_Available data_
______________________________
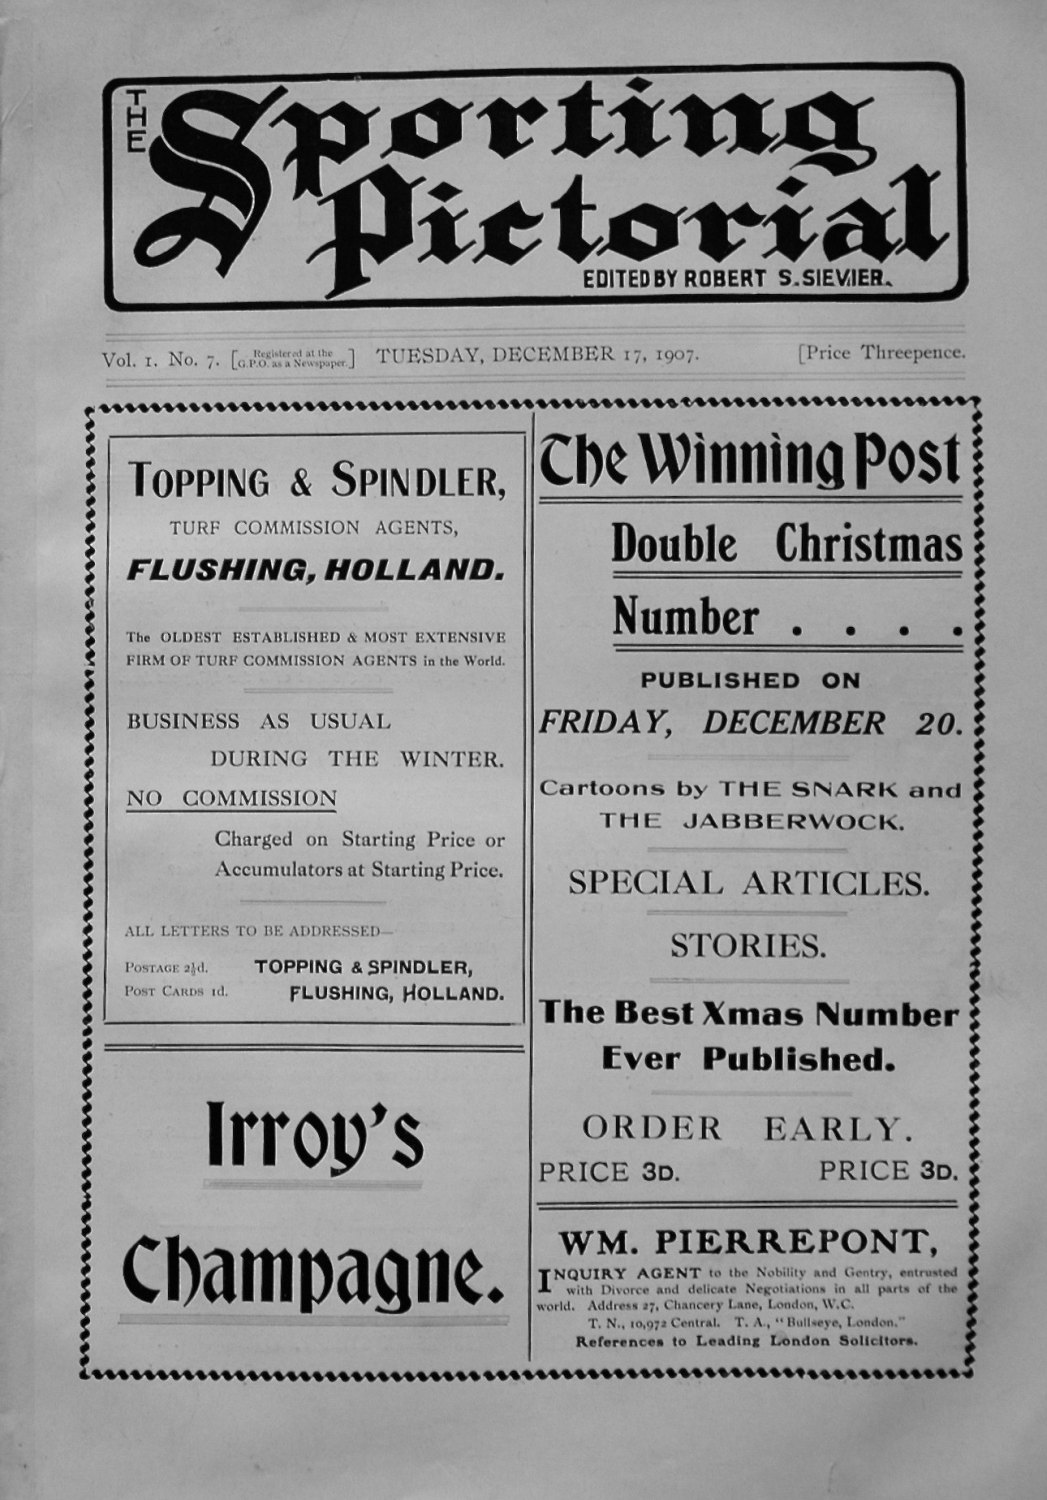 Sporting Pictorial. No. 7. December 17th 1907. 
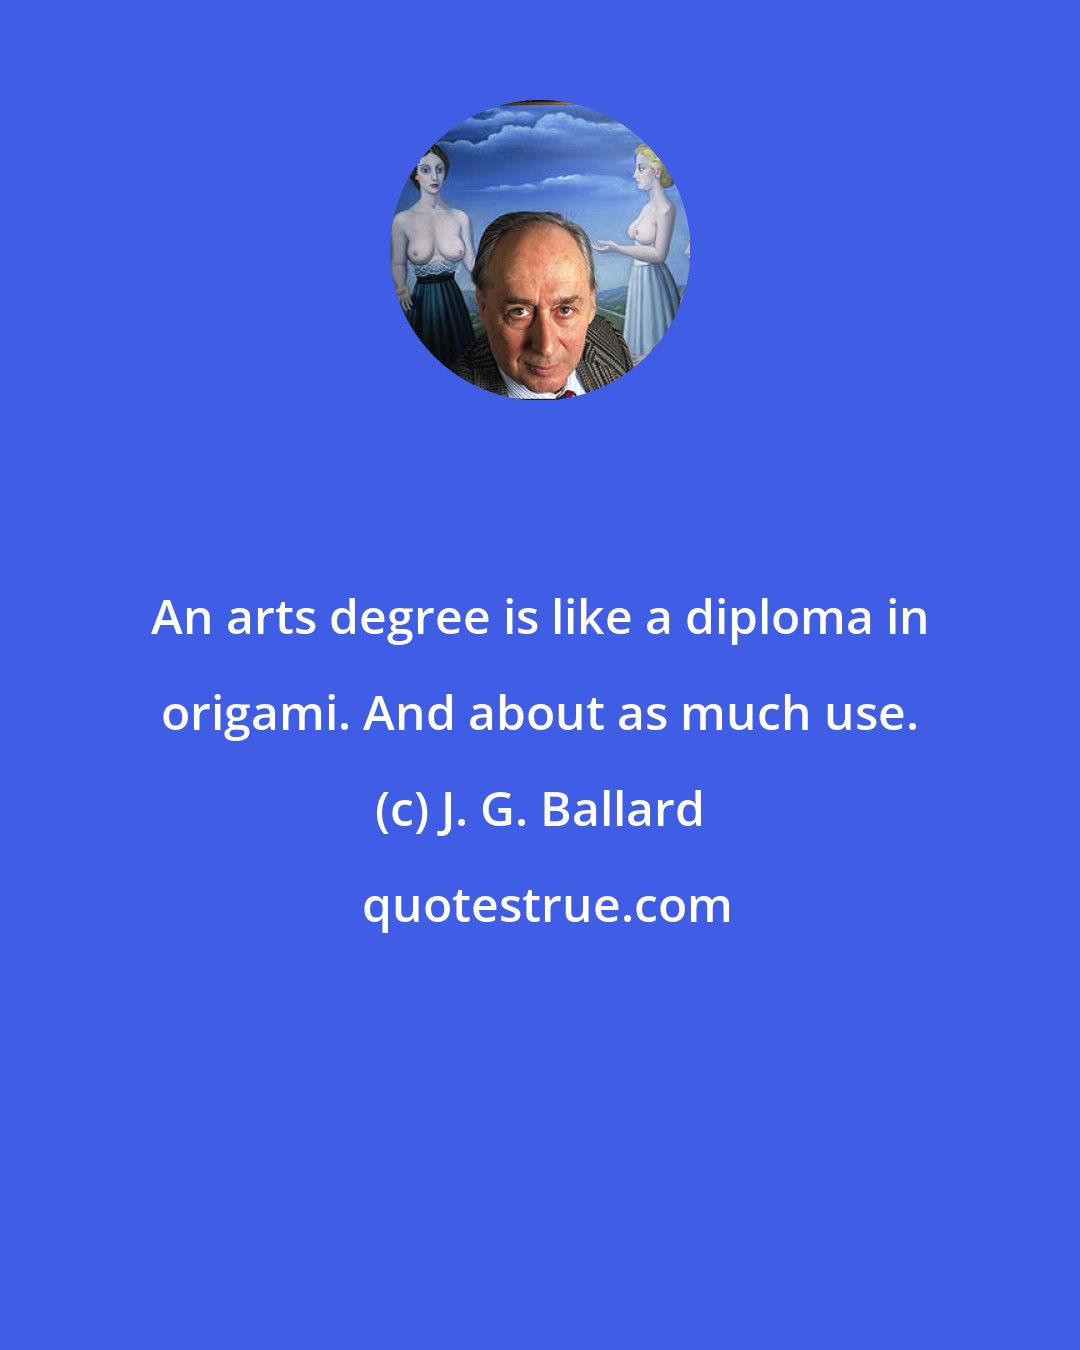 J. G. Ballard: An arts degree is like a diploma in origami. And about as much use.
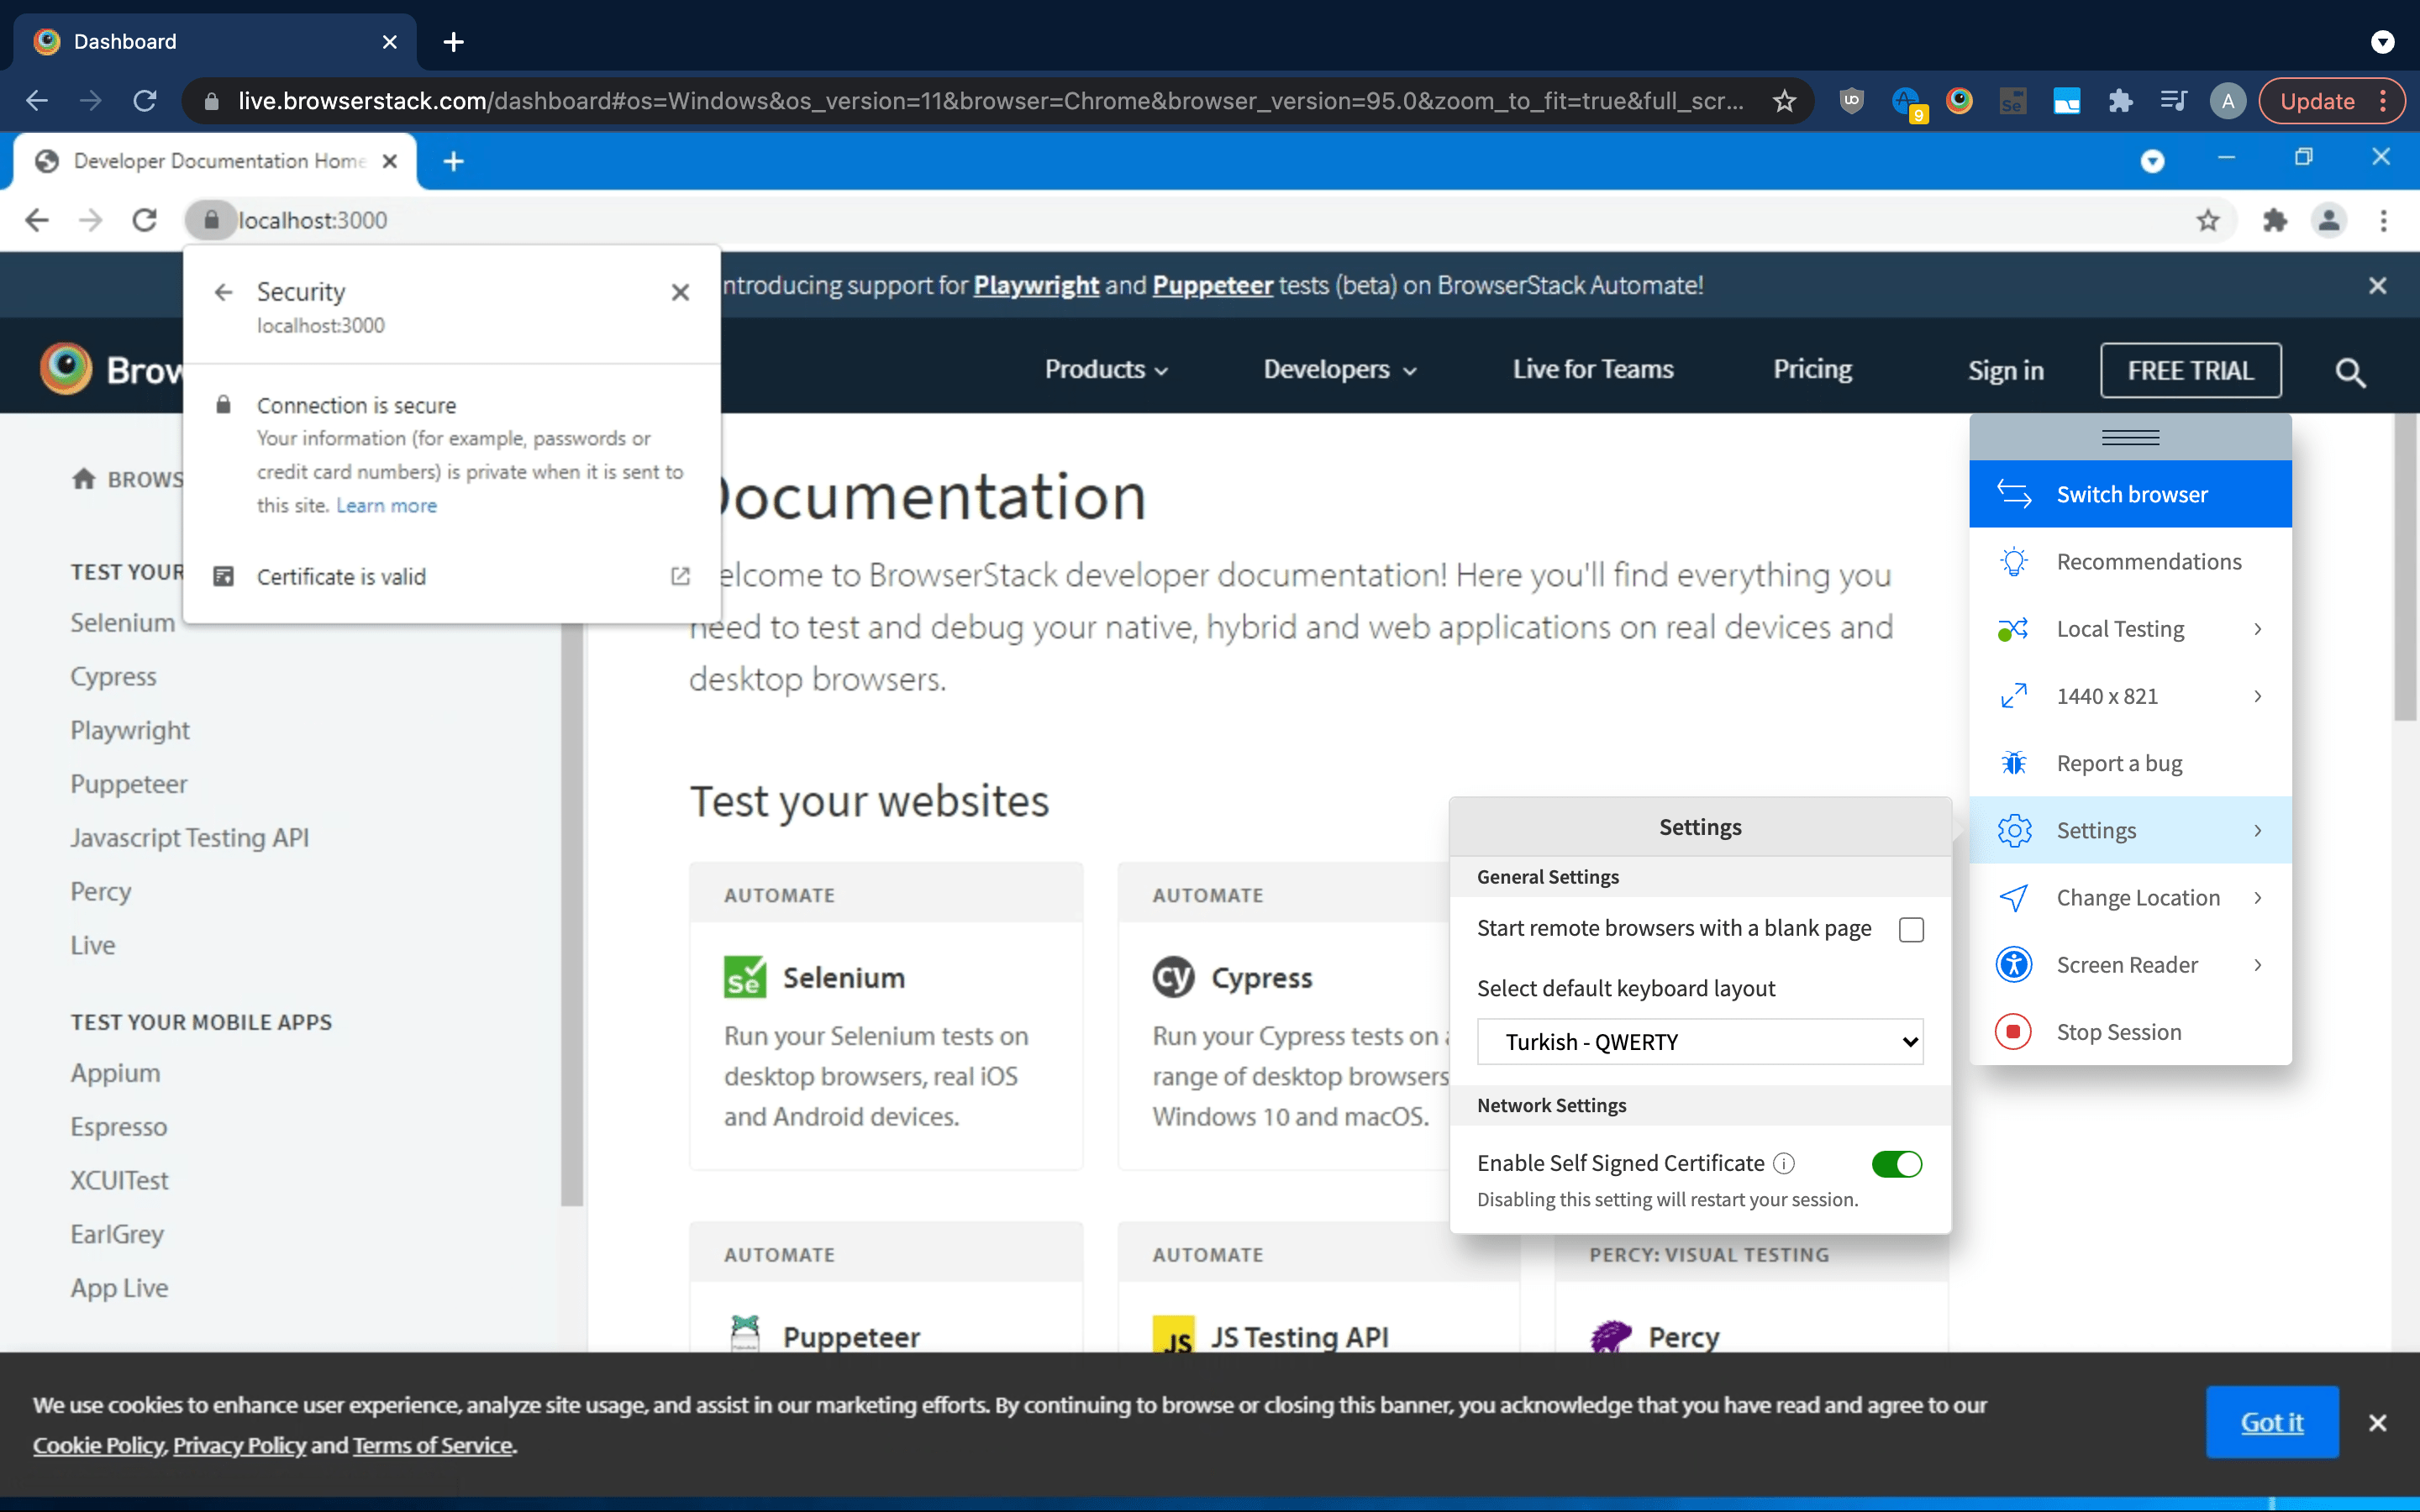 Enabling Self-Signed Certificate shows website as fully secure by the browser used in Live session
______________________________
_Work item_
I would like the lines from the one with "J. G. Ballard: An" through the last line of the data above retyped exactly, with pictures left out, please.

_Answer to this exercise_
 J. G. Ballard: An arts degree is like a diploma in origami. And about as much use.
 Enabling Self-Signed Certificate shows website as fully secure by the browser used in Live session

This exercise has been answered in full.